- IATA: TRO; ICAO: YTRE;

Summary
- Airport type: Private
- Operator: Mid-Coast Council
- Location: Taree
- Elevation AMSL: 38 ft / 12 m
- Coordinates: 31°53′19″S 152°30′50″E﻿ / ﻿31.88861°S 152.51389°E
- Website: www.midcoast.nsw.gov.au

Map
- YTRE Location in New South Wales

Runways
| Direction | Length |  | Surface |
| m | ft |
| 04/22 | 1,504 | 4,934 | Asphalt |
| 12/30 | 564 | 1,850 | Brown silt clay |

Statistics (2010–11)
- Passengers: 19,250
- Aircraft movements: 3,518
- Sources: Australian AIP and aerodrome chart. Passengers and aircraft movements from BITRE.

= Taree Airport =

Airport in Taree, New South Wales, Australia

Taree Airport is an airport 3 NM northeast of the city of Taree, New South Wales, Australia. Taree is on the Mid North Coast, less than a four-hour drive from Sydney. The airport no longer maintains any scheduled services. The airport provides the community with a range of services including emergency services, medical flights, private charters, private aircraft, and air mail/courier services.

The facility is also used for defence force training and the Manning River Aero Club.

==Airport facilities==
Taree is currently set to expand the airport to provide more facilities for pilots, businesses and airlines alike, This is also expected to boost the airport's presence.
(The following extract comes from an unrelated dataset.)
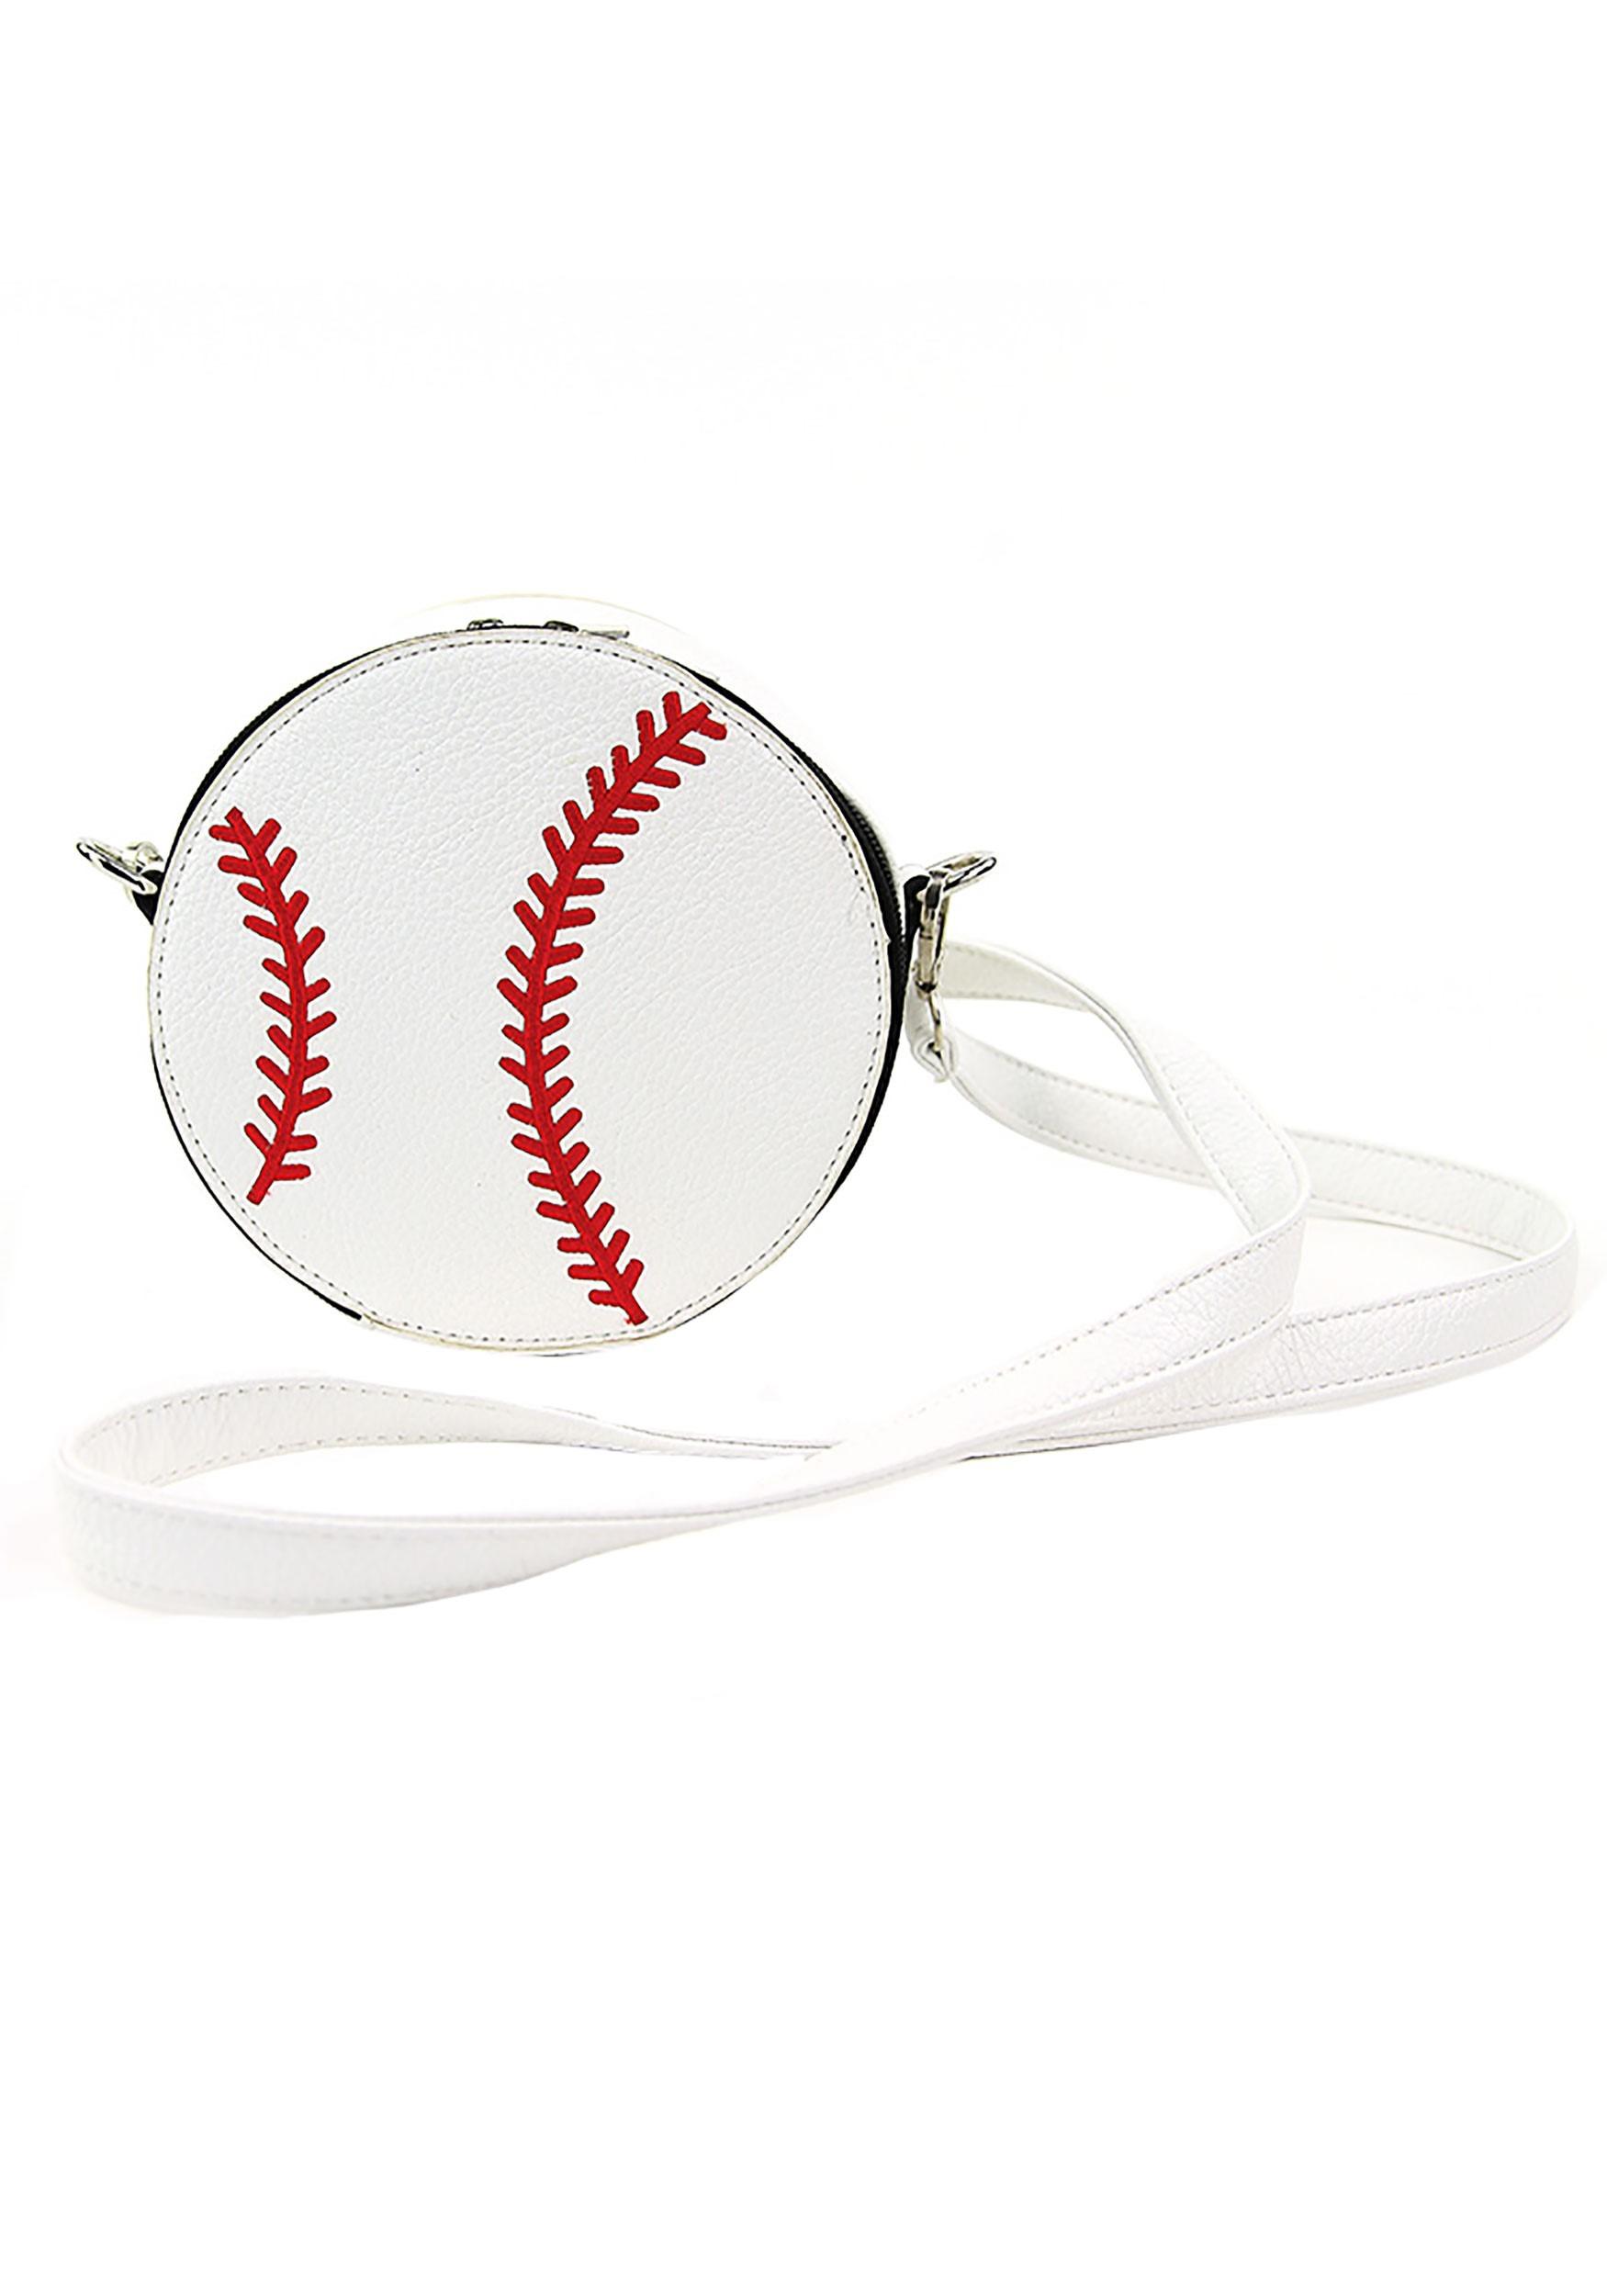 Baseball - Purse (CEC89567UB-ST CEC89567UB) photo

A number of businesses including aircraft manufacturers and fabricators, an aircraft restorer and a skydiving school are based at Taree Airport.

== Airlines and destinations ==

FlyPelican operated services between Taree and Sydney until July 2022, when removal of government grants and rising fuel prices made the service unviable.